=== Section Start ===

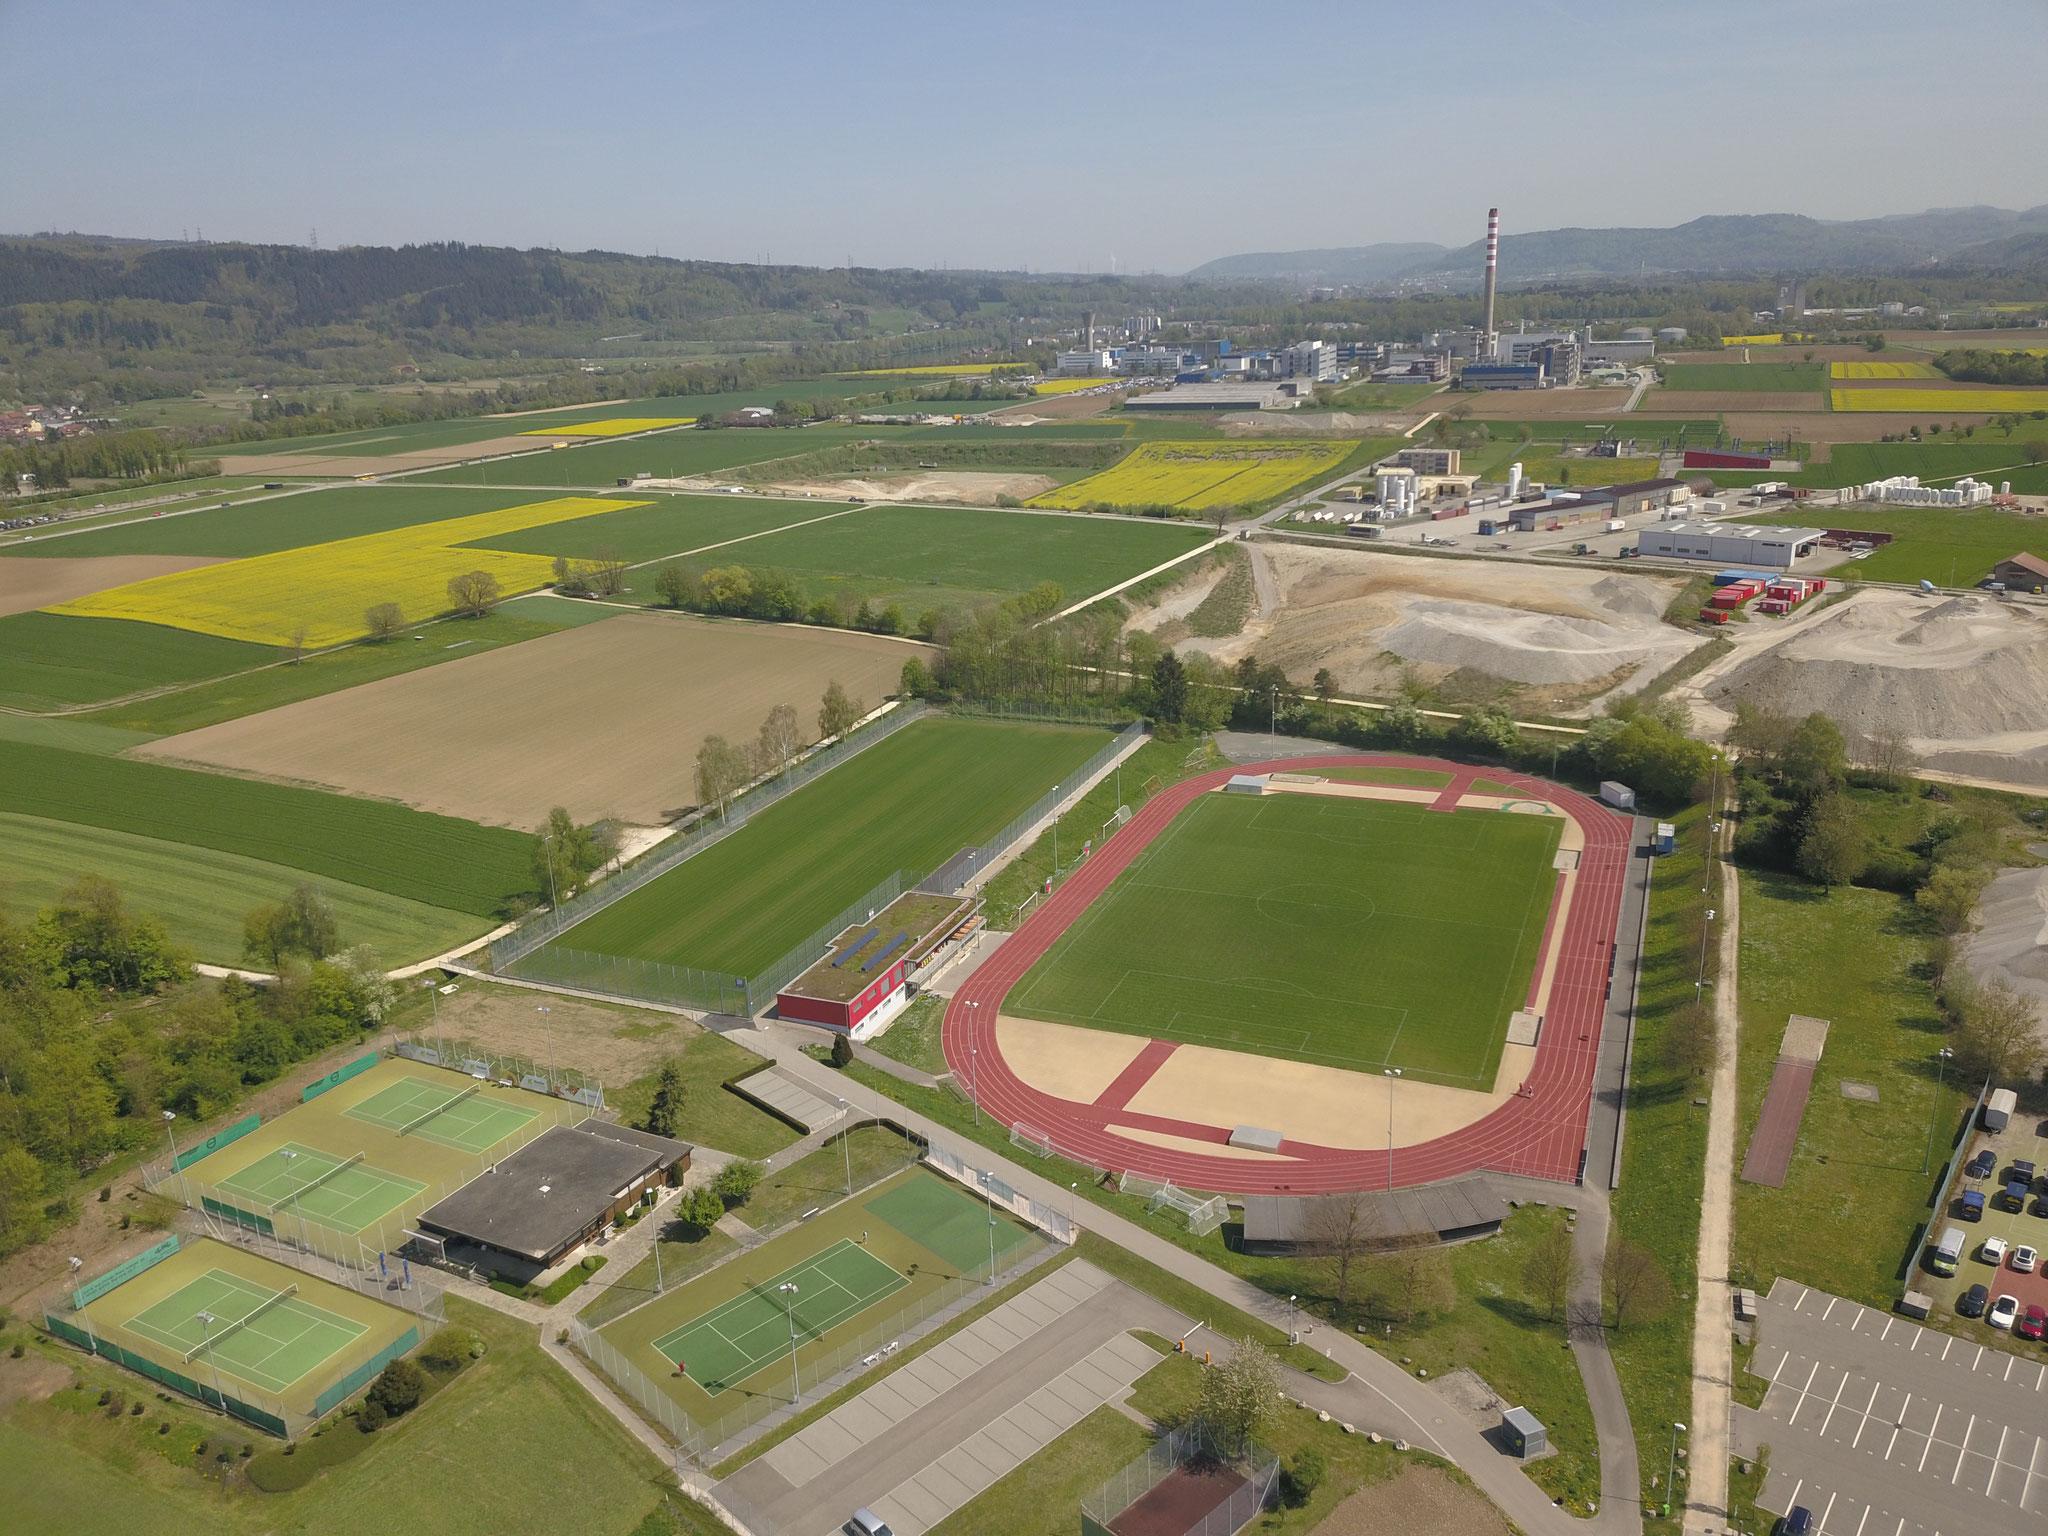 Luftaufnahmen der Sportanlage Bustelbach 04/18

=== Section End ===
=== Section Start ===

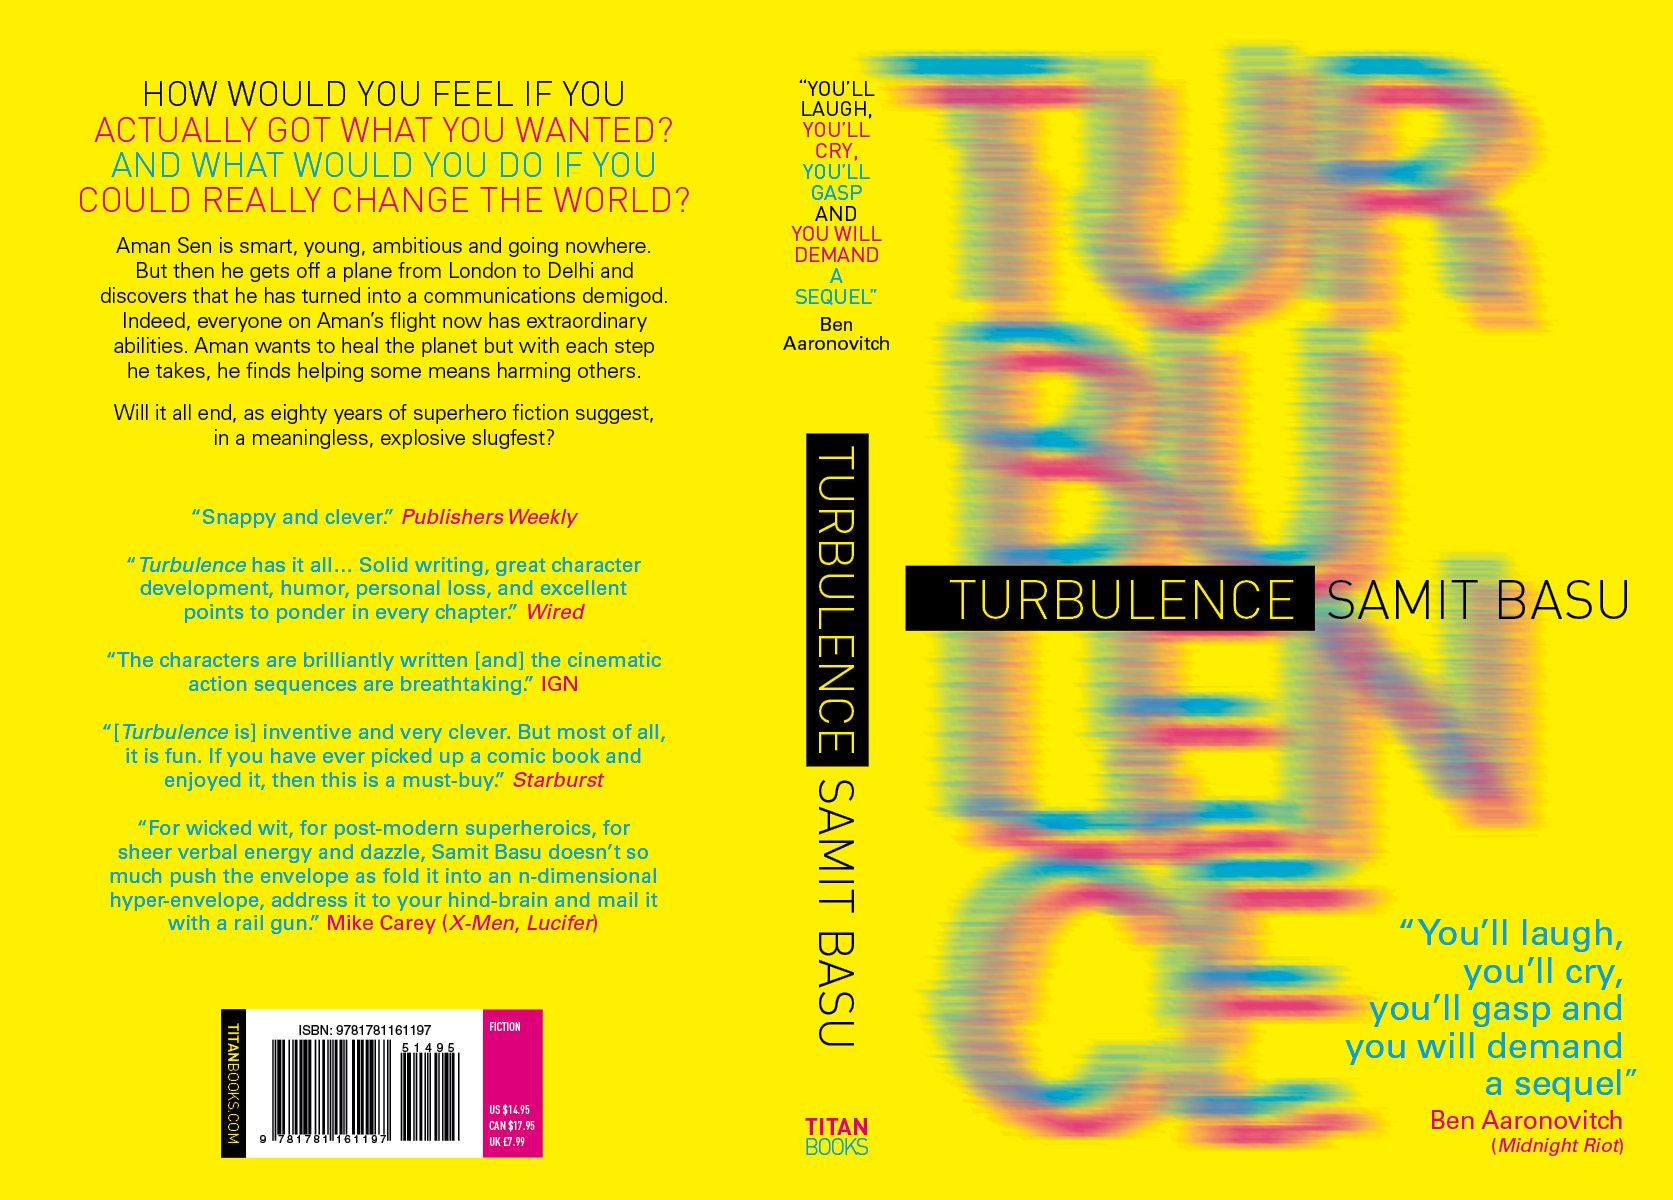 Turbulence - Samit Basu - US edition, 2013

=== Section End ===
=== Section Start ===

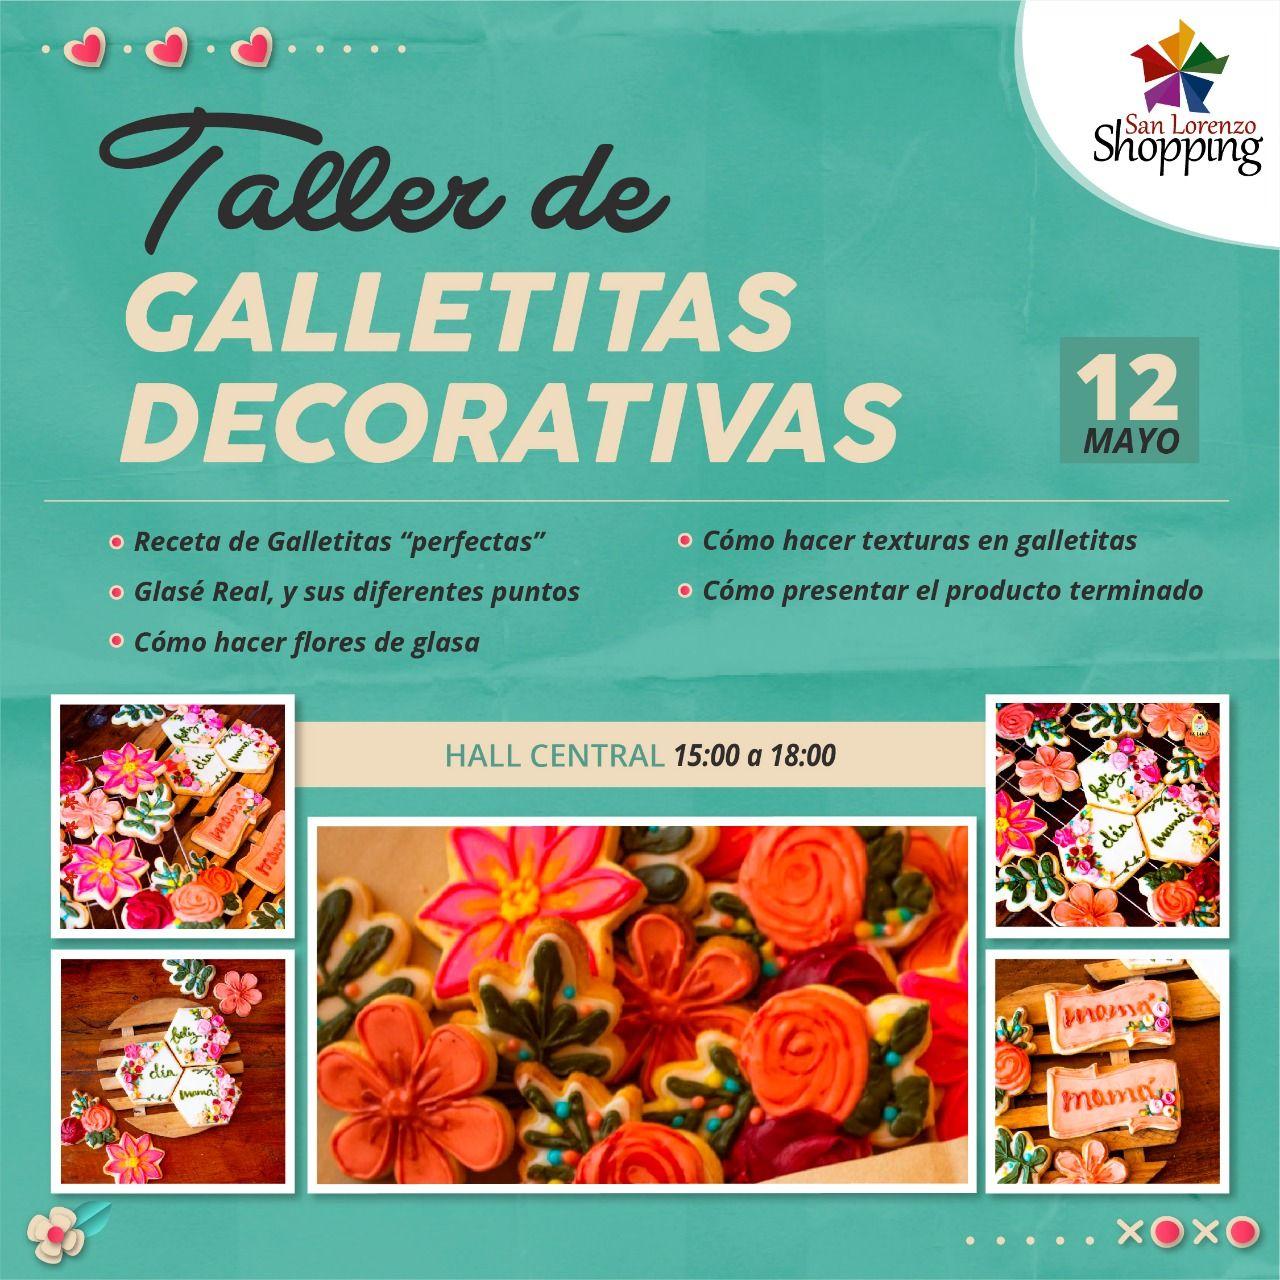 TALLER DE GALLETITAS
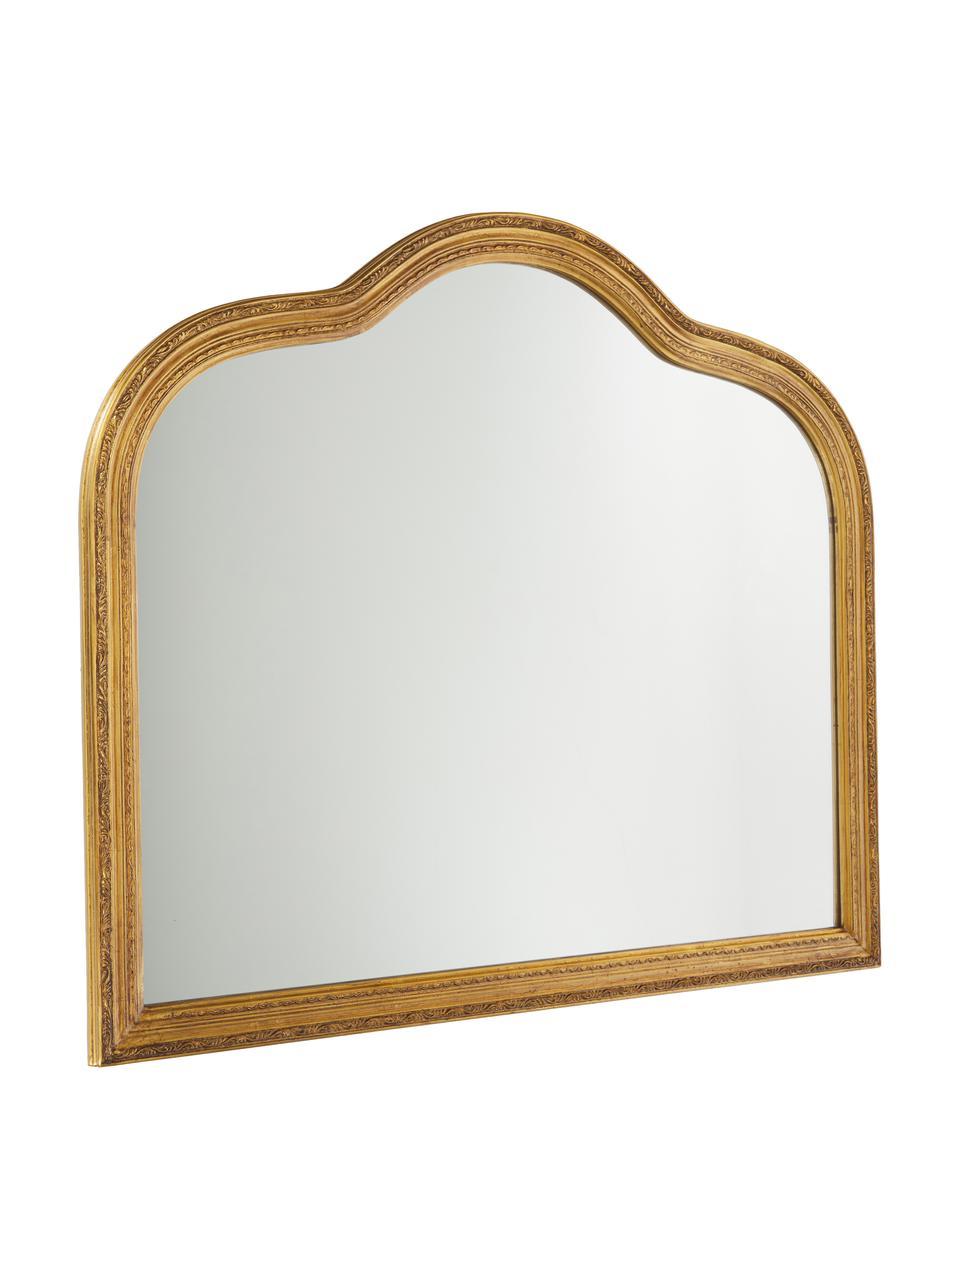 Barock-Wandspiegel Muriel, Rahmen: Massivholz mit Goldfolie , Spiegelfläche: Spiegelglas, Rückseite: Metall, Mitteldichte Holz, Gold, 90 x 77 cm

=== Section End ===

Working from the records above, set down word for word everything from the line containing "TALLER DE GALLETITAS" down to the line containing "Barock-Wandspiegel Muriel, Rahmen: Massivholz", ends included, minus the pictures.

TASK SOLUTION:
 TALLER DE GALLETITAS
 Barock-Wandspiegel Muriel, Rahmen: Massivholz mit Goldfolie , Spiegelfläche: Spiegelglas, Rückseite: Metall, Mitteldichte Holz, Gold, 90 x 77 cm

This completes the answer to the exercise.